The Green Building Council in North Carolina says a bill moving through the legislature would prevent the state from keeping up with advances in building practice, reports the Charlotte Business Journal (“Charlotte US Green Building Council rallies members to fight HB 120,” by Susan Stabley). The bill, HB 120, would direct the state to revise building codes every six years instead of every three years, and would prevent towns from conducting inspections not required by the statewide code. In a letter to state senators, USGBC-NC director Emily Scofield and board chairman Chris Studney wrote, "Delaying implementation of building codes keeps our state from moving forward. It means the minimum standards for North Carolina’s building and housing stock will fail to keep pace with advancing building science and building practices used across the country. A modern energy code will save money for your constituents.”

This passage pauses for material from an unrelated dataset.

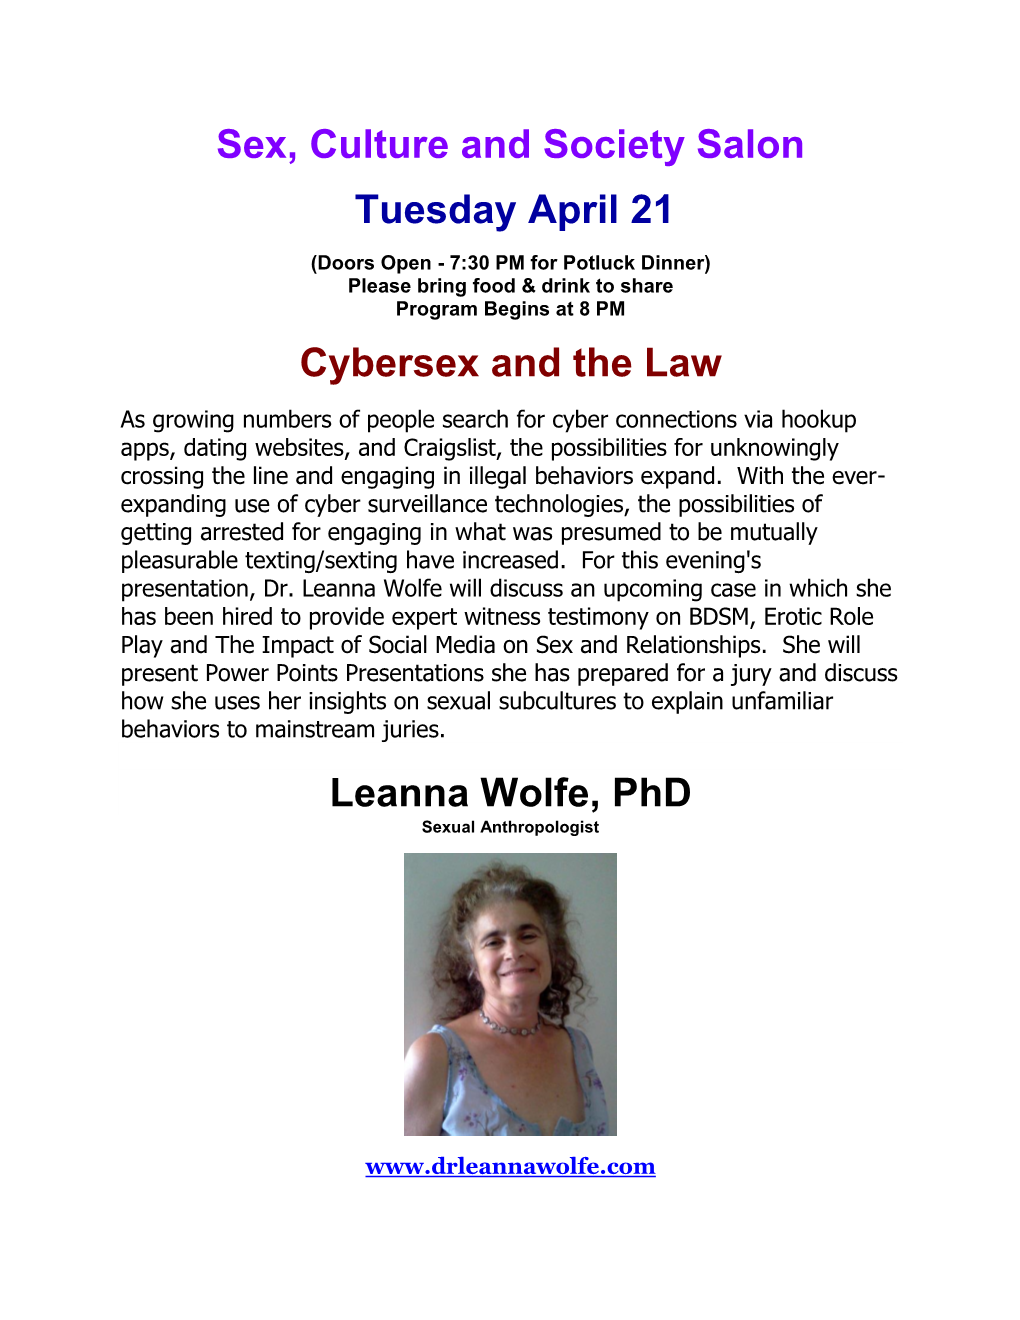 Sex, Culture and Society Salon Tuesday April 21 Cybersex and The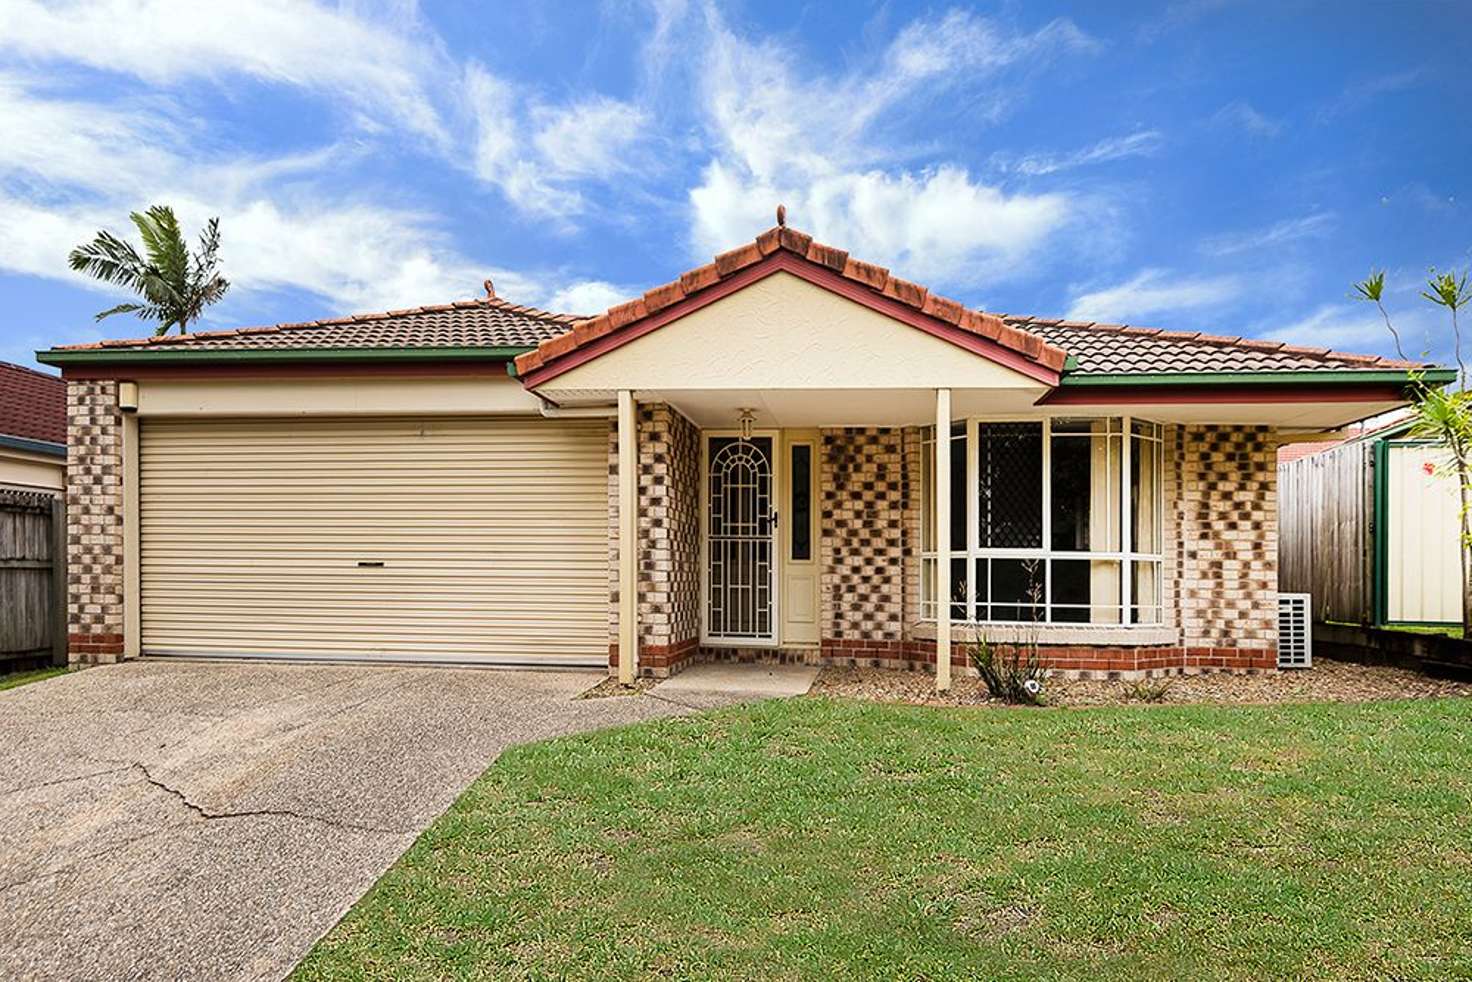 Main view of Homely house listing, 25 Isle of ely, Heritage Park QLD 4118

At the same time, North Carolina mayors are getting heated up over proposed limits on local zoning enforcement powers, reports the Raleigh Public Record (“Proposed State Law Could Have a Huge Impact on Residential Zoning Laws,” by Charles C. Duncan Pardo). One fear raised by Raleigh deputy planning director Ken Bowers is that the bill would unleash multi-family or rooming-house construction in single-family zoned neighborhoods, the paper says. “Bowers said the biggest implication in the proposal is that cities could no longer regulate the layout of rooms in a house,” the paper reports. Said Bower: “Imagine I go into a house and build four kitchens, four bedrooms, four bathrooms, all along a central corridor. All I need is a couple doors with locks, et voila, I’ve got four units... This impacts every single-family zone in every single neighborhood in the state.”